SOB O SIGNO DA PERGUNTA

(texto de 1953, inserido no livro Diário Crítico)


        Carlos Drummond de Andrade escreveu que a poesia de Emílio Moura se coloca "sob o signo da pergunta". Drummond pensa que certos poetas se vestem de "uma túnica de certezas". São poetas da "claridade solar", enquanto os primeiros são os da sombra, os que se debruçam sobre "as alheias e próprias superfícies" na indagação, senão angustiada, pelo menos melancólica de como e do porquê do mundo. Emílio Moura pertenceria a esta família, a mais numerosa aliás.
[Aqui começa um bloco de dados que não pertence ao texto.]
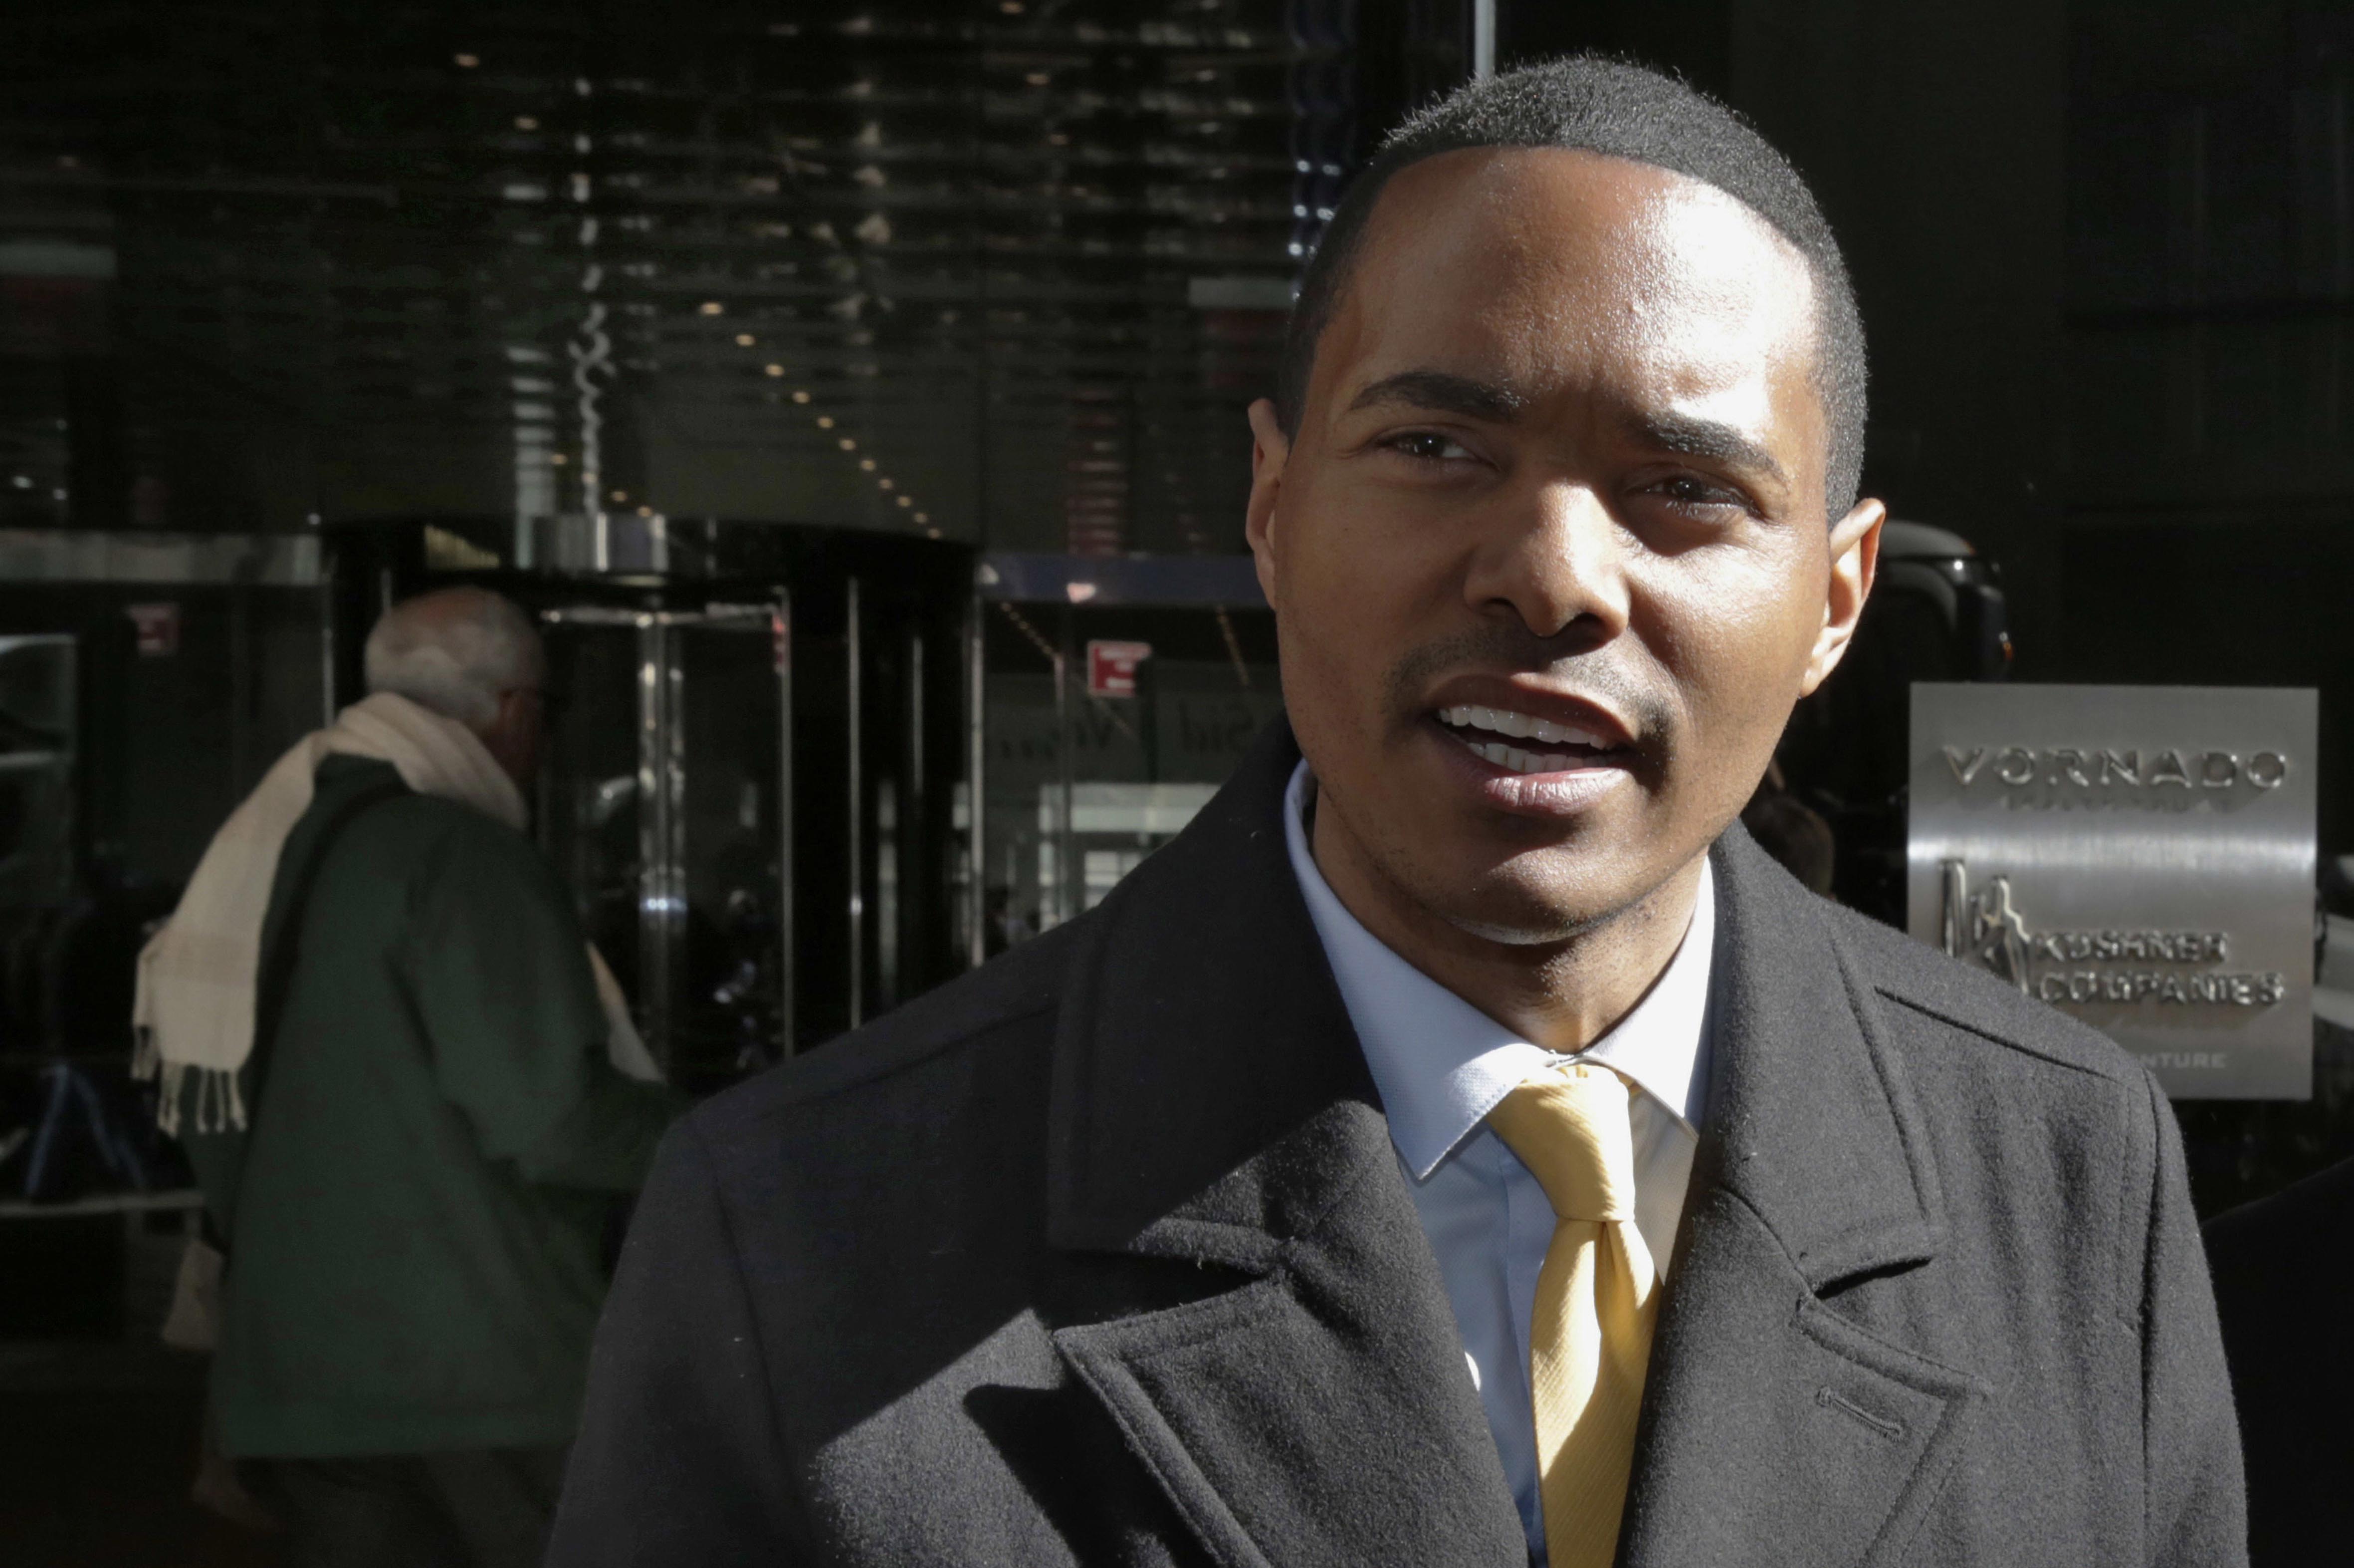 New York City Council Member Ritchie Torres addresses a news conference | AP Photo

É, talvez, a única dos verdadeiros poetas.

        Não se negará evidentemente a existência, na outra, de homens como Whitmann, por exemplo, como Ronald de Carvalho, entre os nossos modernistas da primeira hora, que são realmente poetas, mas os que nos comovem de fato e trazem algo importante e perturbador em si, eu os colocaria ao lado dos nascidos "sob o signo da pergunta".

        Lendo os poemas límpidos e nobres de Emílio Moura, poemas sem concessões de nenhuma espécie, e que nos introduzem sempre numa atmosfera de intensa espiritualidade, penso na frase admirável de Saint Exupéry: "pouco importante que Deus não existe. Deus dá ao homem a divindade". É no fundo o que procura esse poeta, a indagar insistentemente acerca das coisas, das razões e das finalidades, a solicitar portanto a presença de Deus.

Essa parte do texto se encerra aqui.